DI 315 Nutrition and Disease (back to previous page)
Prerequisite: DI 215. Aspects of diet in treating and preventing various symptoms and syndromes, diseases, inherited errors of metabolism, and physiological stress conditions. 3 credit hours.

DI 326 Principles of Dietetics Management (back to previous page)
Provides knowledge required to effectively manage the provision of dietetic services in a food service operation, clinical nutrition department, community or ambulatory nutrition program, private practice office, or other food/nutrition facility. Management principles will be discussed using human resource applications, leadership theories, decision-making tools ,and organizational skills for the successful dietetics manager. Managing materials, productivity, financial data, and information in a dietetics environment will be discussed using quality improvement principles. 3 credit hours.

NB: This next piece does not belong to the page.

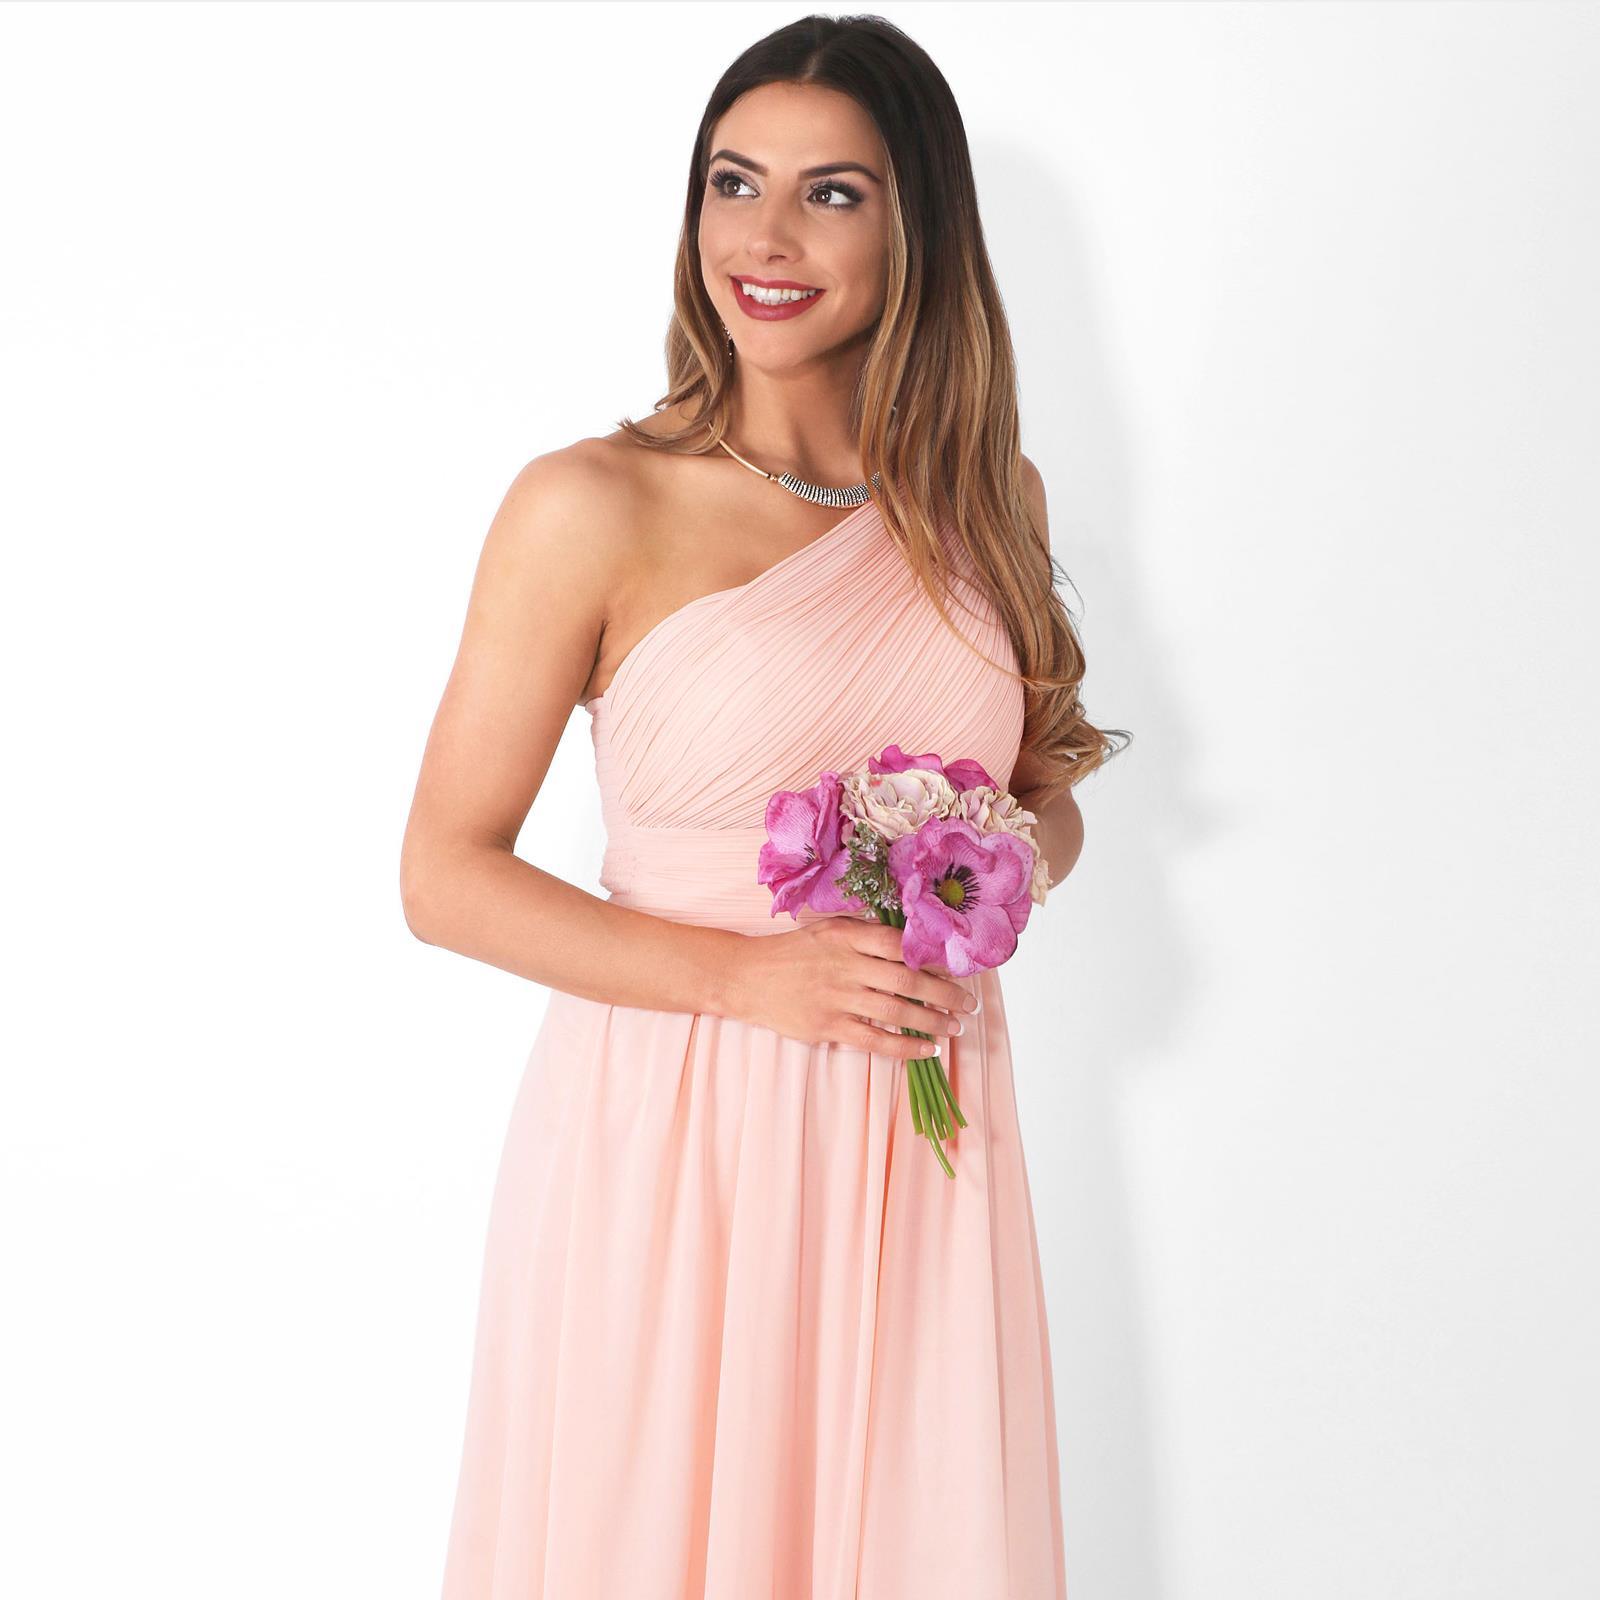 Womens-Wedding-Bridesmaid-Prom-Dress-Formal-One-Off-Shoulder-Long-Evening-8-18 thumbnail 49

DI 330 Dietetic Practice in Today’s Society (back to previous page)
Prerequisite: DI 315. Knowledge of dietetic practice: medical terminology, interpretation of laboratory values, format of the medical record, documenting nutrition care, nutrition screening and assessment, medical nutrition therapy (MNT), patient interviewing and counseling. Nutrition care protocols for enteral and parenteral feeding, pediatric care, diabetes, cardiovascular disease, hypertension, pulmonary insufficiency, dysphagia, cancer, renal disease, obesity, and other diseases with nutritional implications. 3 credit hours.

DI 342 Healthy Food Preparation (back to previous page)
Preparing food according to today’s healthy eating goals. Food laboratory strategies include modifying recipe content to include natural sources of protein, fat, and carbohydrate in healthy meals, snacks, sports beverages, etc. while incorporating accurate nutrition analysis and costing of recipes using the latest technology, Discussion of organic, functional, and genetically engineered foods. Students design recipe or food demo projects incorporating course content. Provides knowledge and expertise in creating and redesigning recipes. Incorporates today’s healthy eating principles. Emphasis is placed on eating healthy without its costing more. Laboratory fee; 3 credit hours.

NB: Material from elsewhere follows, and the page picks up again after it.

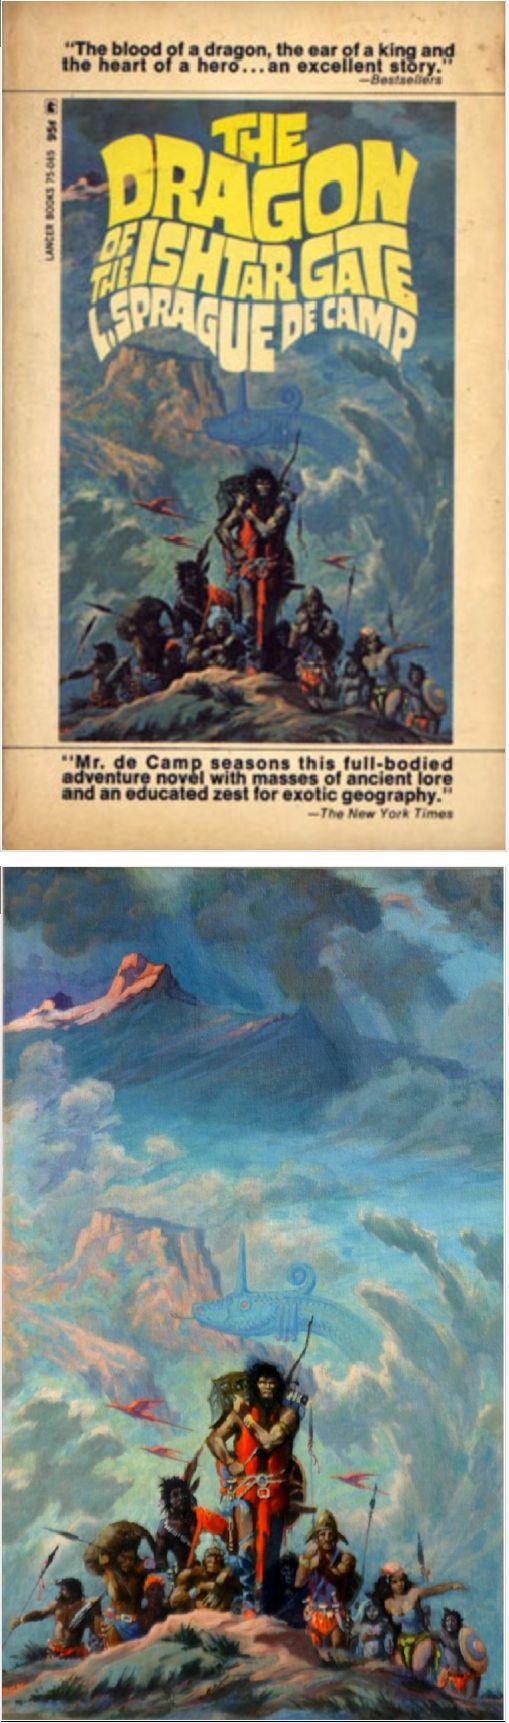 ROY G. KRENKEL JR  - The Dragon of the Ishtar Gate by L. Sprague de Camp - 1968 Lancer Books - cover by isfdb

DI 350 Nutrition Throughout the Life Cycle (back to previous page)
Prerequisite: DI 215. Emphasizes the nutritional foundations needed for the growth, development, and normal functioning of individuals in each stage of the lifecycle - pregnancy, lactation, infancy, childhood, adolescence, adulthood and aging adulthood; covers age-specific clinical and nutritional interventions from preconception to the elderly stages of life. 3 credit hours.

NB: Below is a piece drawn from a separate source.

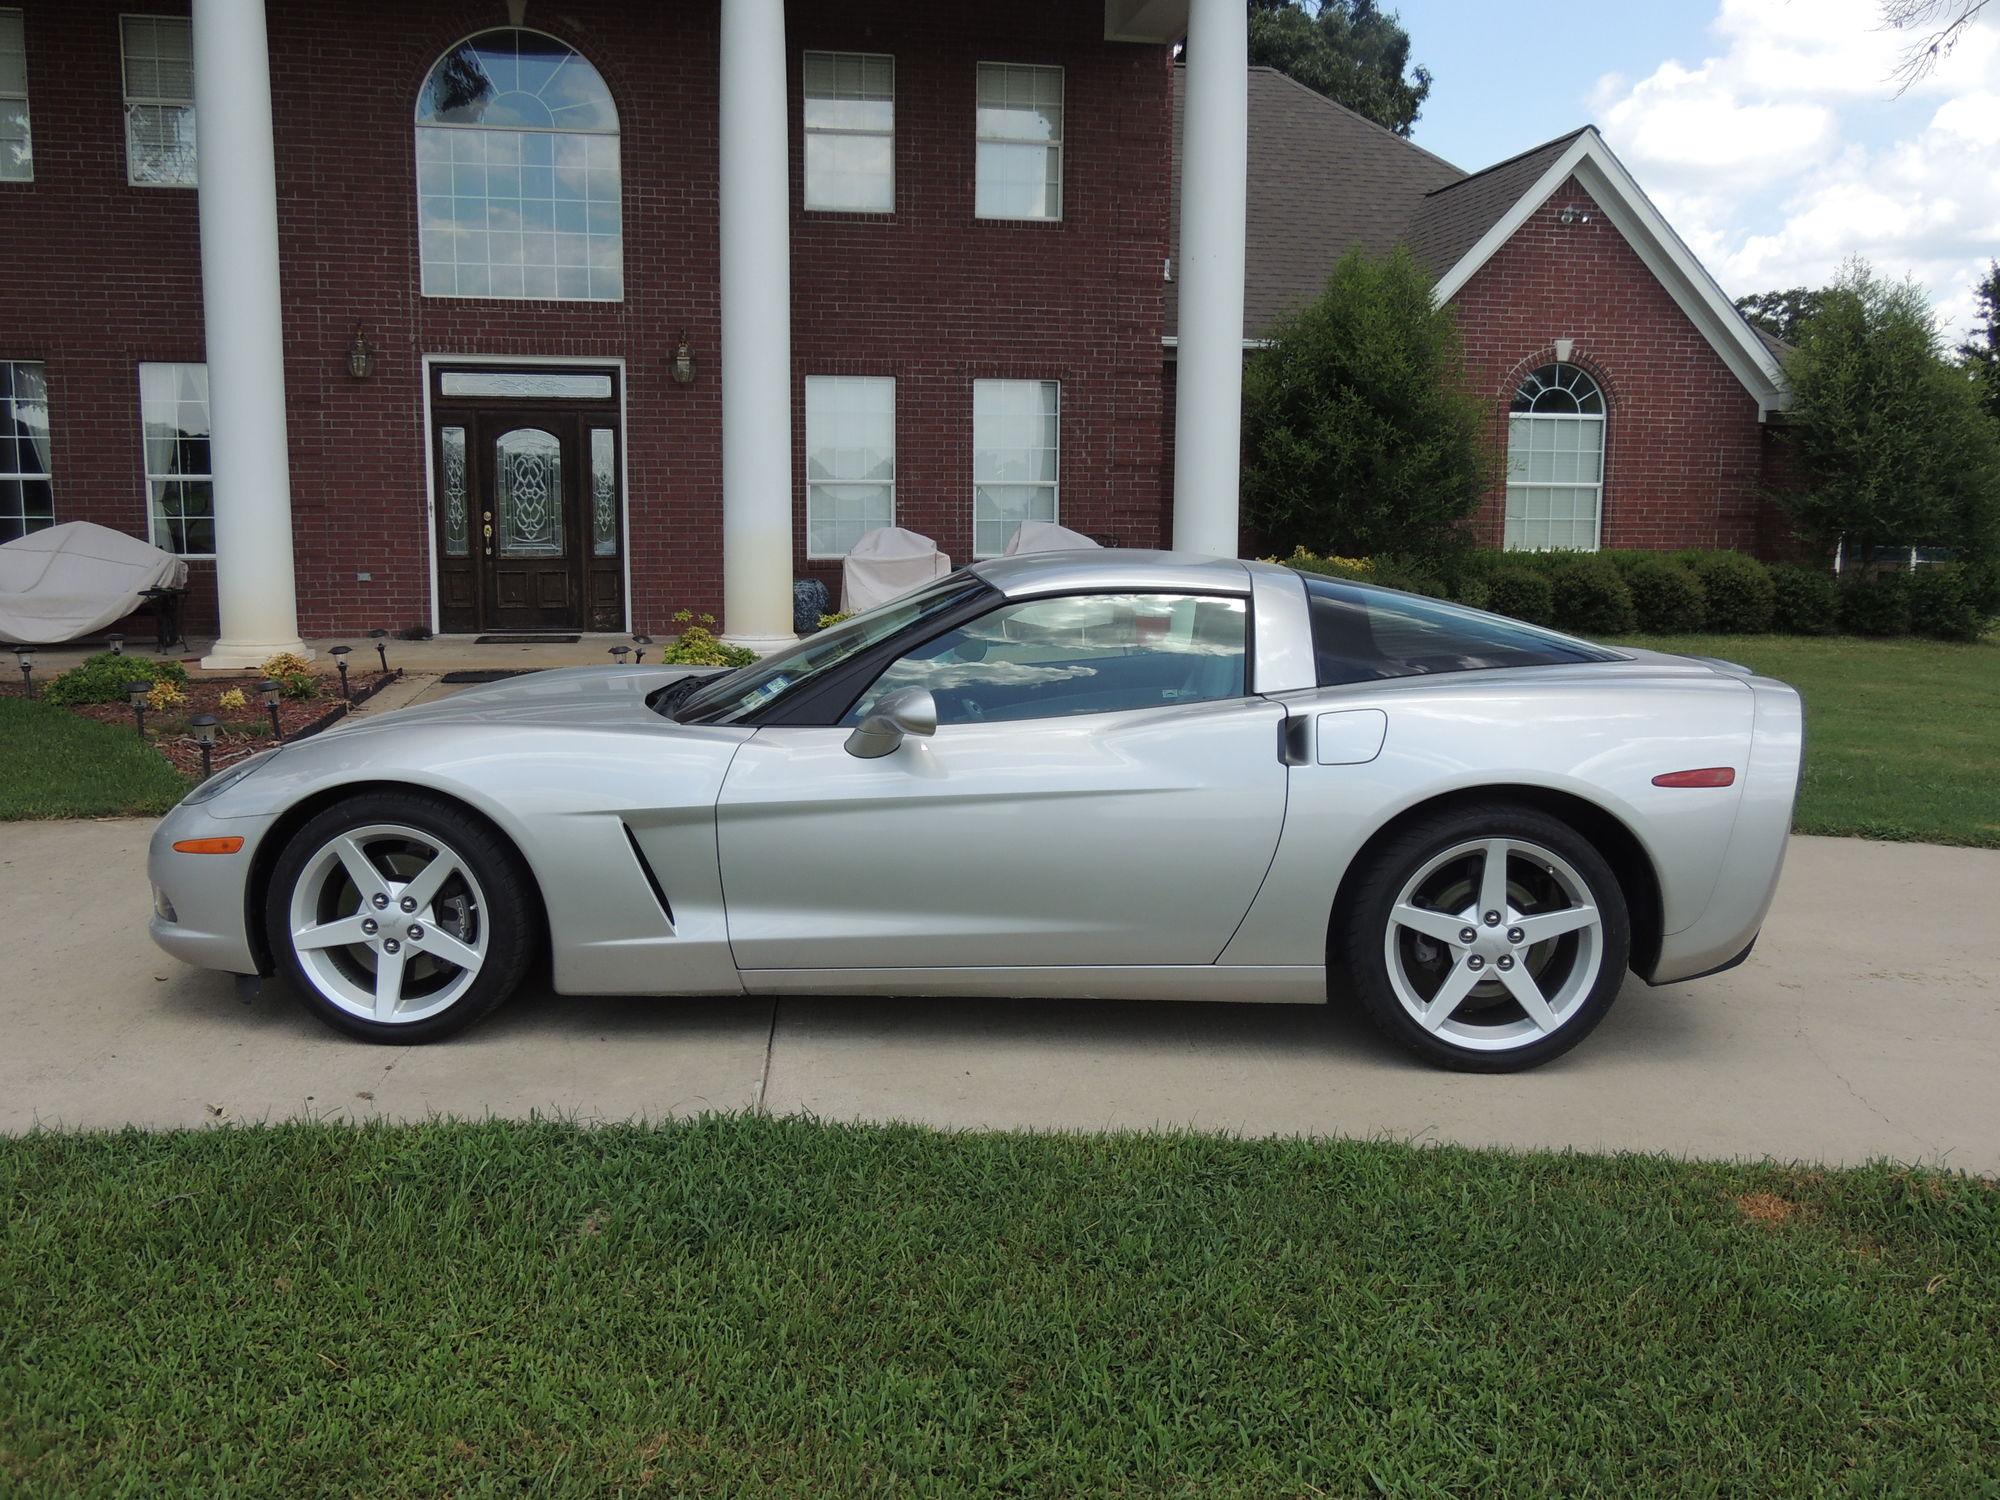 2005 C6 Corvette for sale Mint Condition and 14 893 miles

DI 405 Community and Institutional Nutrition (back to previous page)
Emphasizes tools for developing effective dietetic programs in the community. Looks at the organization and development of action plans. Develops knowledge of the fundamentals of the political and legislative process. Discussion of nutritional problems that may be secondary to other health, social, and economic influences. 3 credit hours.

DI 450-459 Special Topics (back to previous page)
Selected topics in dietetics, health care, food service management, team concepts, and a variety of current issues. 3 credit hours.

DI 597 Dietetic Practicum (back to previous page)
An elective course that provides an opportunity for students to gain practical work experience in the dietetics field. Students must spend a total of 130 hours at a field site under the supervision of a registered dietician and an additional 20 hours of course time devoted to preparation of a term paper or case study directly related to their practicum experience. This opportunity will help students meet competencies required for entry into a post-graduate internship. 3 credit hours.

DI 599 Independent Study (back to previous page)
Prerequisite: Permission of the program coordinator. Independent research projects or other approved phases of independent study. 3 credit hours.